On Mon, Feb 23, 2009 at 5:58 PM, Hilco Wijbenga
<[email protected]> wrote:
> Hi all,
>
> I've been trying to get a simple firewall system up-and-running in
> OpenBSD. I have "The Book of PF" and "Secure Architectures
> with OpenBSD" so I thought it would be very simple. Well, we're two
> weeks later now and still no firewall. :-) The pf rules I found in
> those books don't seem to work as I expected them to work.
>
> Before I list my current pf.conf, let me give a few more details. My
> firewall will be running a few services for my network (DHCP, NTP, and
> DNS). I need to use NAT to get my own network Internet access. DHCP
> works. I seem to have managed to get DNS (maradns on lo0 and sk1) and
> ICMP working.
>
> /etc/pf.conf
> 01 ext_if = "sk0"
> 02 int_if = "sk1"
> 03 localnet = $int_if:network
> 04 internet = $ext_if:network
> 05 udp_services = "{ domain, ntp }"
> 06 icmp_types = "{ echoreq, unreach }"
> 07
> 08 nat log on $ext_if from $localnet to any -> ($ext_if)
> 09
> 10 block log all
> 11
> 12 pass quick inet proto { tcp, udp } from $internet to any port $udp_services
> 13 pass quick inet proto { tcp, udp } from $localnet to any port $udp_services
> 14 pass quick inet proto { tcp, udp } from $lo0:network to any port
> $udp_services
> 15
> 16 pass inet proto icmp all icmp-type $icmp_types
> 17 pass from { lo0, $localnet } to any keep state
>
> a. Why do I need 12? I had expected 13 (which I don't seem to need).
> Wouldn't 12 be for incoming requests from the Internet?
yes. if you want to provide your $udp_services to others on the other
side of your firewall. and you really don't need 13 if you have 17.
you can use 'set skip on lo0' and not worry about 14 and simplify 17.

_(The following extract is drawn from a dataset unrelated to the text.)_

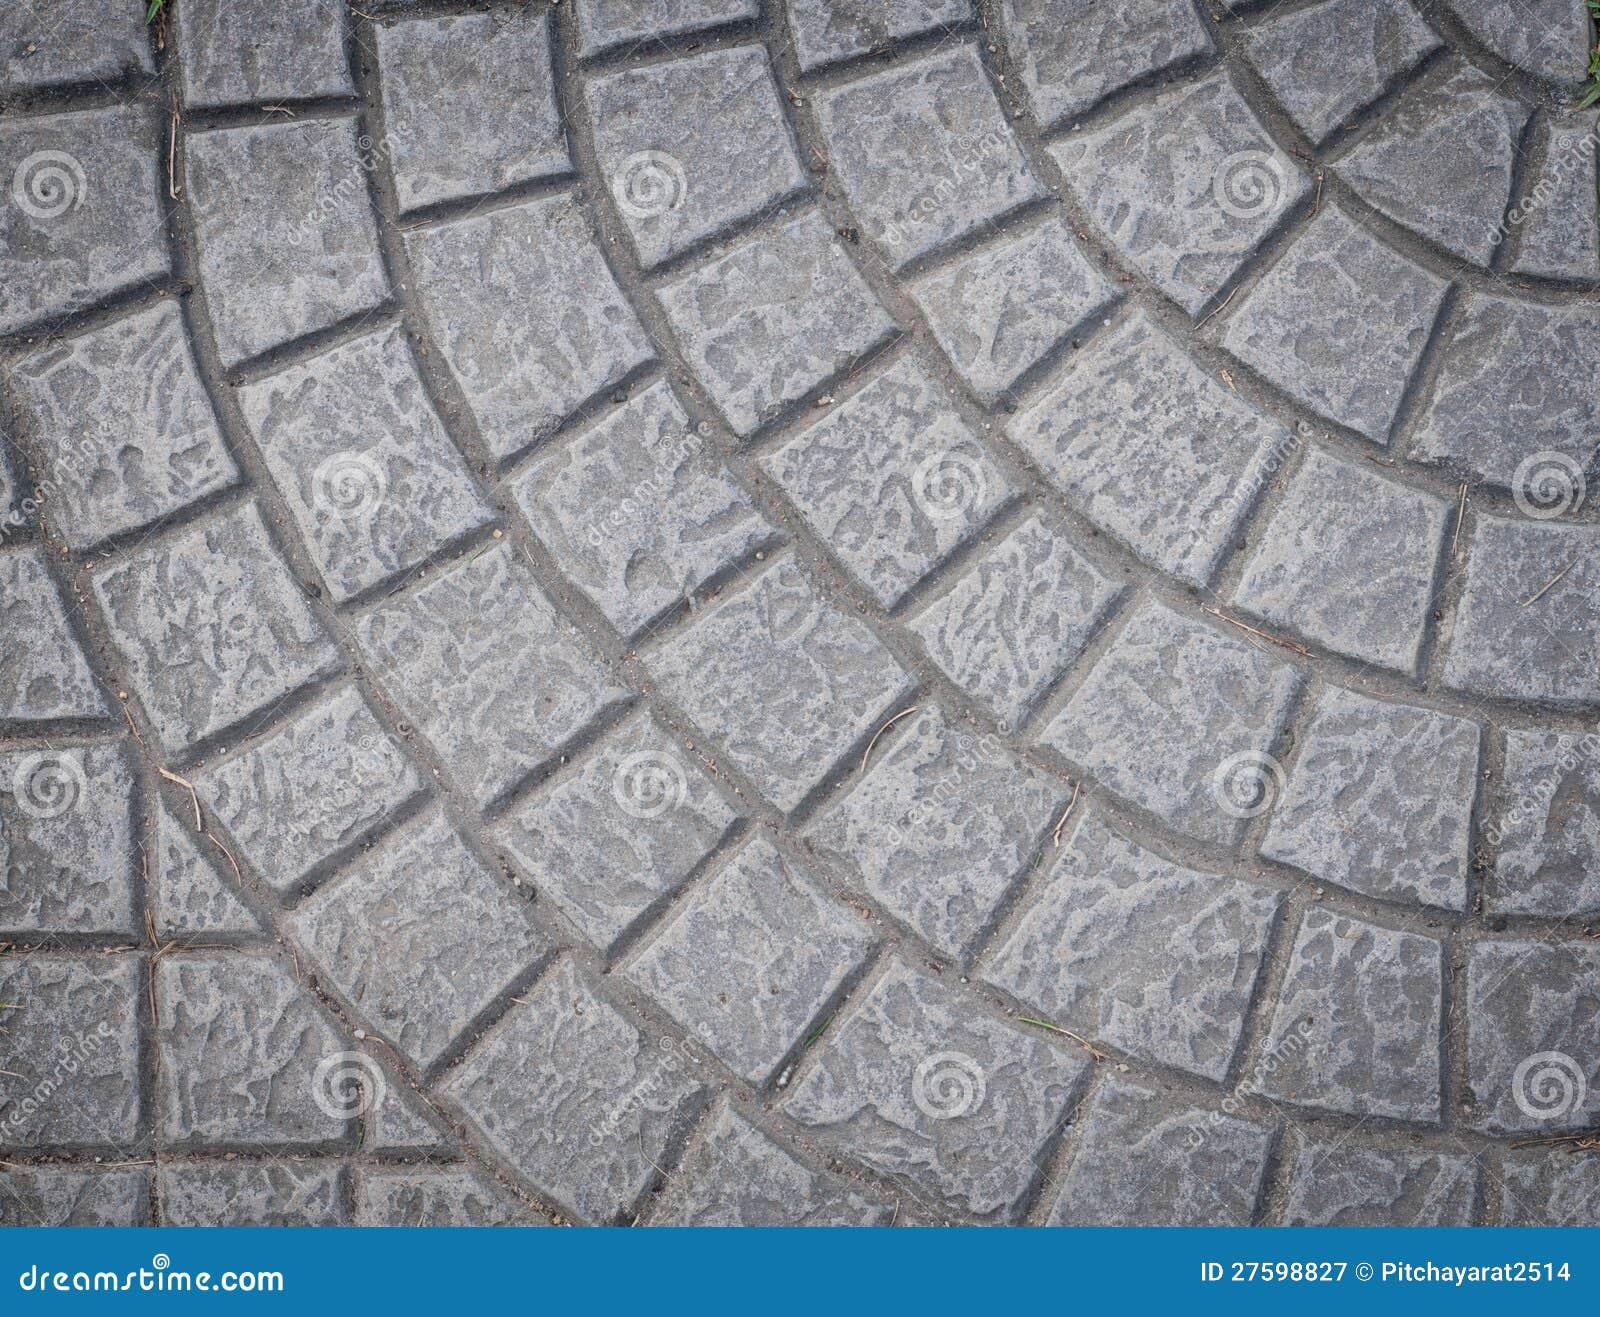 httpthumbsdreamstimecomzbackground stone floor texture

> b. Given that ping works from my network (so that presumably routing
> is okay), why doesn't anything else work? HTTP seems blocked by the
> firewall.
> c. How can I get pflog to flush immediately? I noticed I have to wait
> a minute or so before logged lines show up.
> d. Any other pointers?
I'm not sure what you are trying to do exactly with that rule sets.
But I wonder if your problem isn't pf based, but rather because you
don't have packet forwarded enabled:
$ man pfctl
/forwarding
kk
The packet filter does not itself forward packets between interfaces.
Forwarding can be enabled by setting the sysctl(8) variables
net.inet.ip.forwarding and/or net.inet6.ip6.forwarding to 1. Set them
permanently in sysctl.conf(5).
Although you say "ping works from my network", you are not clear about
what "works" means. Does it mean you can ping the firewall or can ping
yahoo.com?
I'd suggest reading through pf.conf(5) and examine each EXAMPLE section.